Ten days after joining the company, Parekh began a structured review of Infosys’ clientele, service offerings and market opportunities. He laid out a plan based on the results of the review during the April earnings. Parekh decided to scale the company’s digital services segment, which contributed to more than one-fourth of the earnings. By 2022 results, the digital services business had grown to more than 59 per cent, which was an increase of 51.5 per cent from the previous year.
Infosys’ annual revenue growth, Source: Statista
During the 2018 earnings, Parekh stated that he was focused on upskilling employees, using AI and automation to bump up productivity, building training centres and delivery centres across the US, and expanding local hiring. To this end, Infosys ended up hiring more than 4,000 people in the US within the next 18 months. During his tenure, the company upped its cash allocation to shareholders from 70 per cent of its cash-free flow to 85 per cent in 2019, which became effective from 2020 onwards.
Unlike the bombastic Sikka, Parekh openly stated that he intended to make Infosys more ‘boring’ during his tenure. Right from the beginning, Parekh proved he was anything but boring. Ten months after coming into power, the company went on a spree of acquisitions, buying Salesforce consultancy firm Fluido and Seattle-based award-winning creative company WongDoody. Clearly, being ‘boring’ to Parekh did not mean becoming irrelevant. Instead, his main aim was to make Infosys more relevant to its clients.
Instead of jumping the gun, Parekh honestly stated that only the next five to seven years would show if Infosys’ stability would stick.
Parekh also enjoyed an easy rapport with the founders. Chairman Nandan Nilekani praised Parekh’s leadership, saying, “Infosys was boring again, and that is a good thing.” Parekh reportedly also had Murthy’s stamp of approval, with quick chats between the two becoming the norm.
The total annual revenue of the company grew from Rs 73,715 crore in 2018 to Rs 1,23,936 crore in 2022, and net profit grew from Rs 16,029 crore to Rs 22,112 crore. According to an ET report, barring the fourth quarter March results that caused the company’s stock to fall, the Bengaluru-based IT major’s average stock price has gone up by more than twice from when Parekh came in – Rs 1,053 in 2018 to Rs 2,121 in January 2022.

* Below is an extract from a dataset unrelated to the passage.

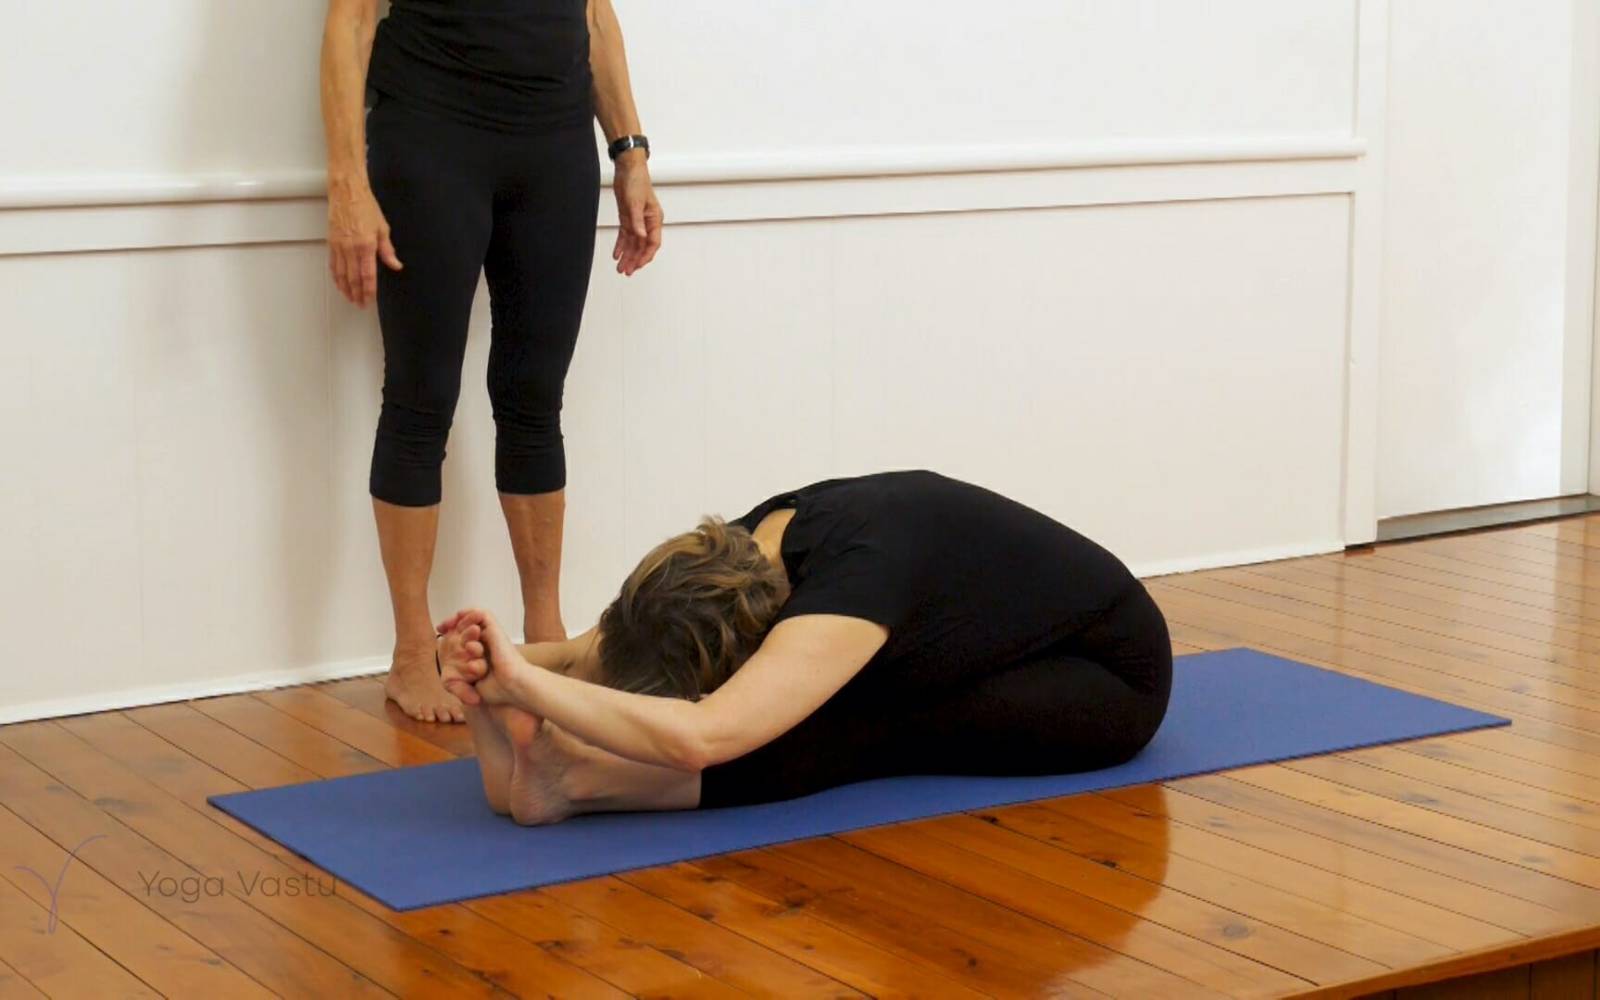 How to Modify Yoga Poses for Tight Hamstrings - DoYou

Even with his focus on energising the core, Parekh has embraced analytics, cloud (the company has built strong partnerships with hyperscalers like Google Cloud, AWS and Microsoft Azure), and AI, as well as blockchain, which is used to track data in payments for their financial services. He emphasised on the role of Infosys’ cloud platform Cobalt in pushing cloud transformation across the financial services industry. The company also launched its metaverse foundry in February this year to help onboard organisations onto the metaverse.

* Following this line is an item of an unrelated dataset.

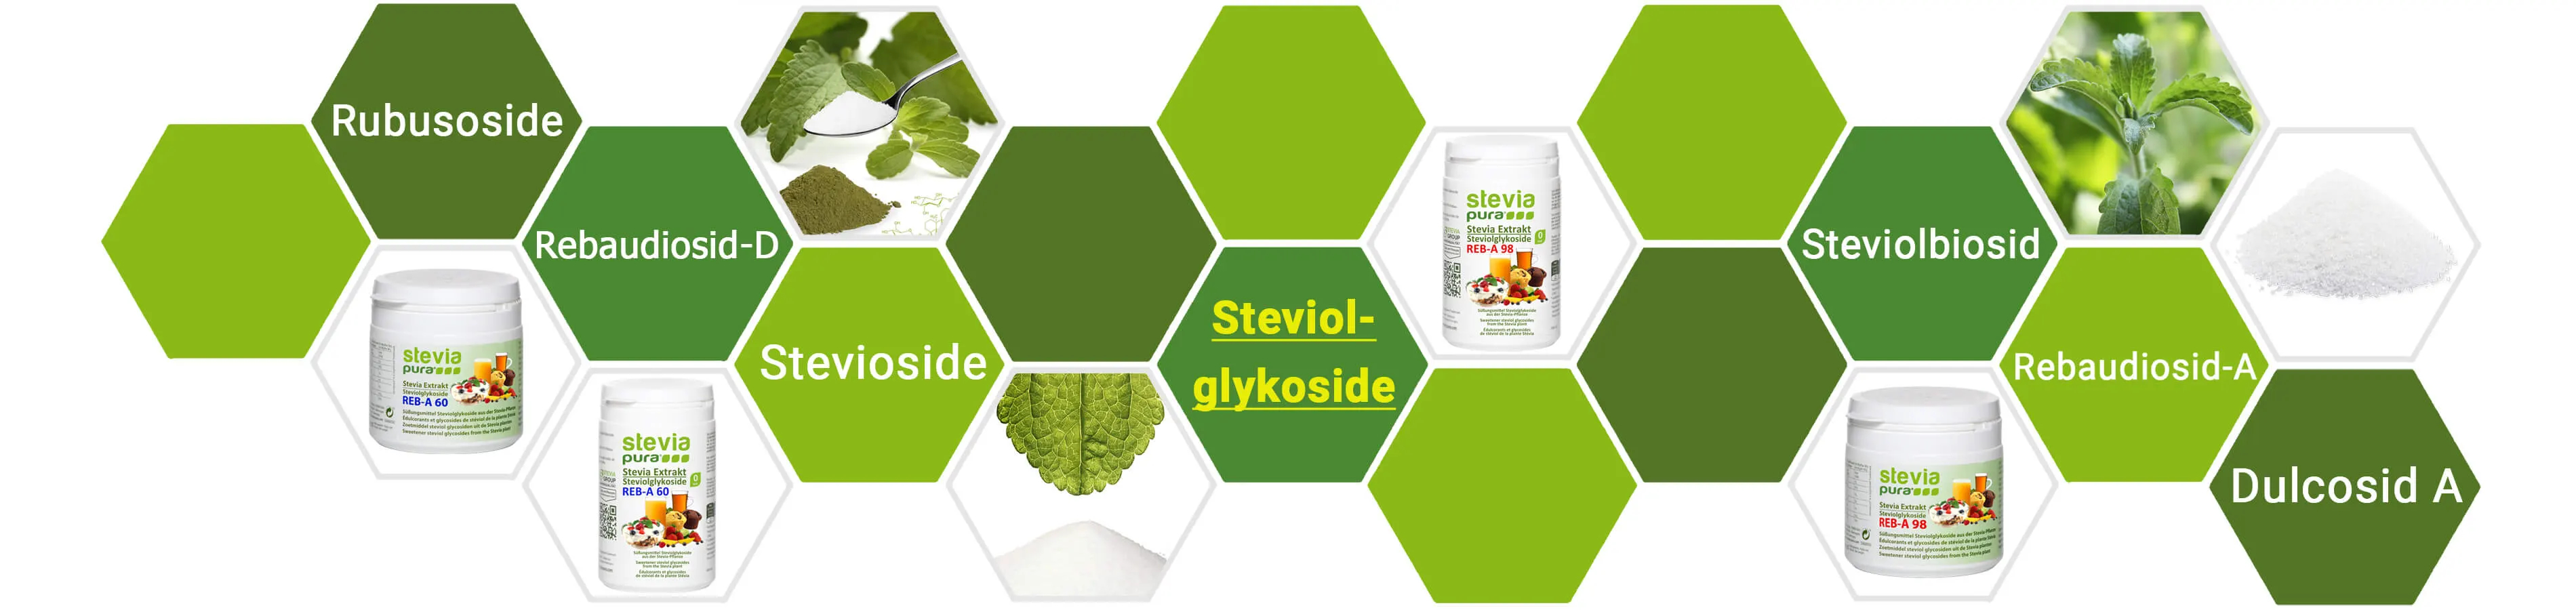 What are Steviol Glycosides? | The sugar substitute...

The company has given guidance for revenue growth between 13 to 15 per cent for FY 2023 after it reported a decline of 2.1 per cent in net profit from the previous quarter. It is telling that in spite of the lowered guidance and slowed down growth, rating agencies like Motilal Oswal Financial Services stuck to the ‘Buy’ rating and noted that Infosys would benefit from its capabilities in digital and cloud transformation.

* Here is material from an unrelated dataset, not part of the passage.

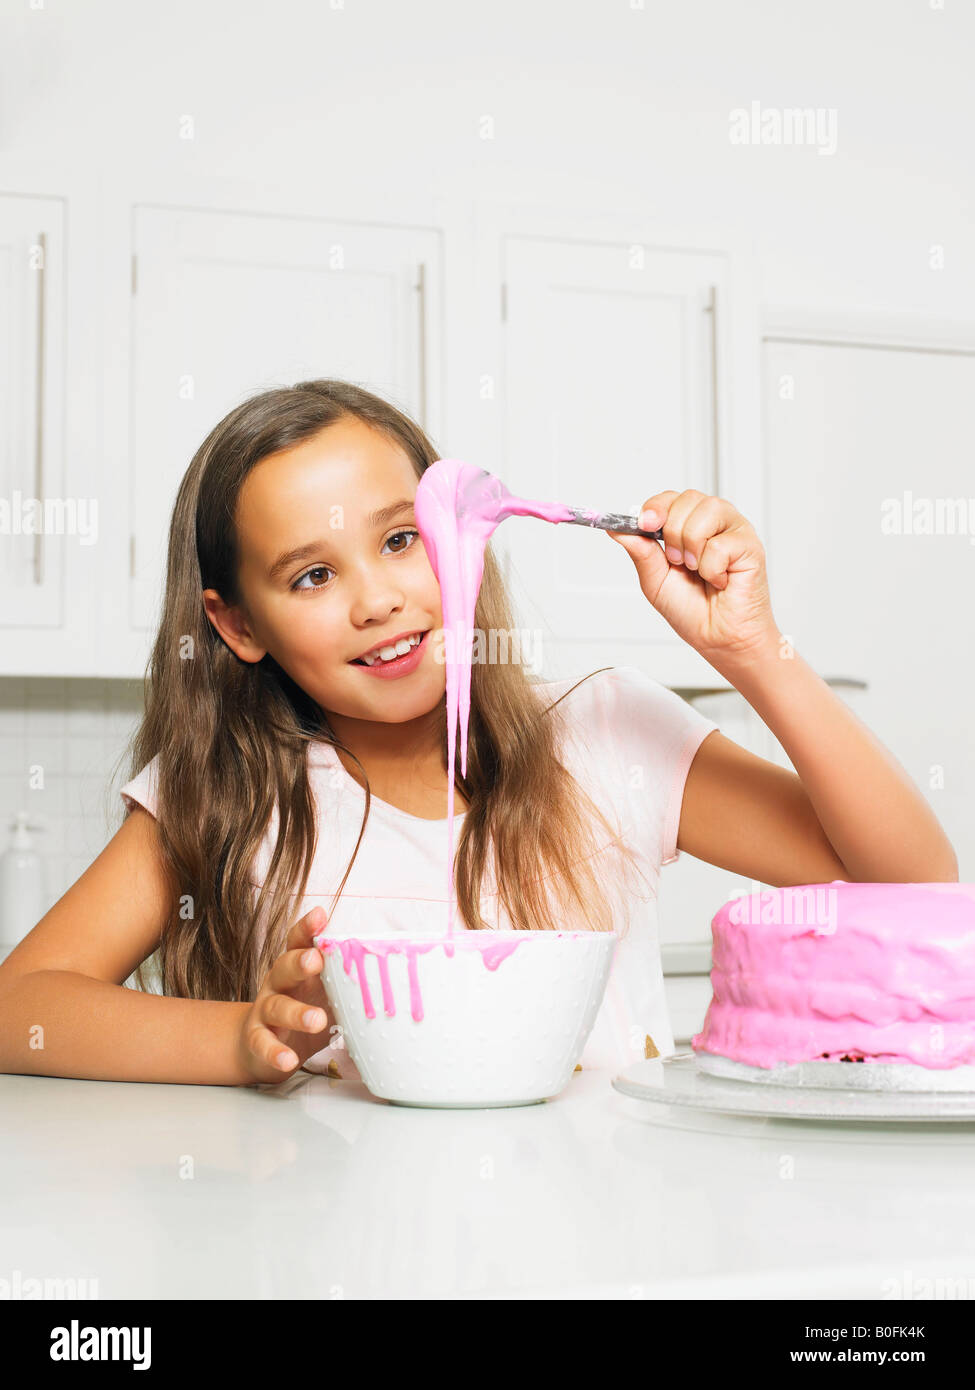 Girl (8-10) decorating cake with icing Banque D'Images

Parekh had himself reiterated a similar sentiment during the March earnings, saying that the company could lean on its digital and cloud capability, as there was still a lot of work to be done in this area. Despite the inflation pressures, growing demand for labour, and a downturn in market sentiment, Infosys’ ‘lowered’ guidance was still far ahead of the market. As understated as Parekh is, one thing is clear – he knows exactly what he wants.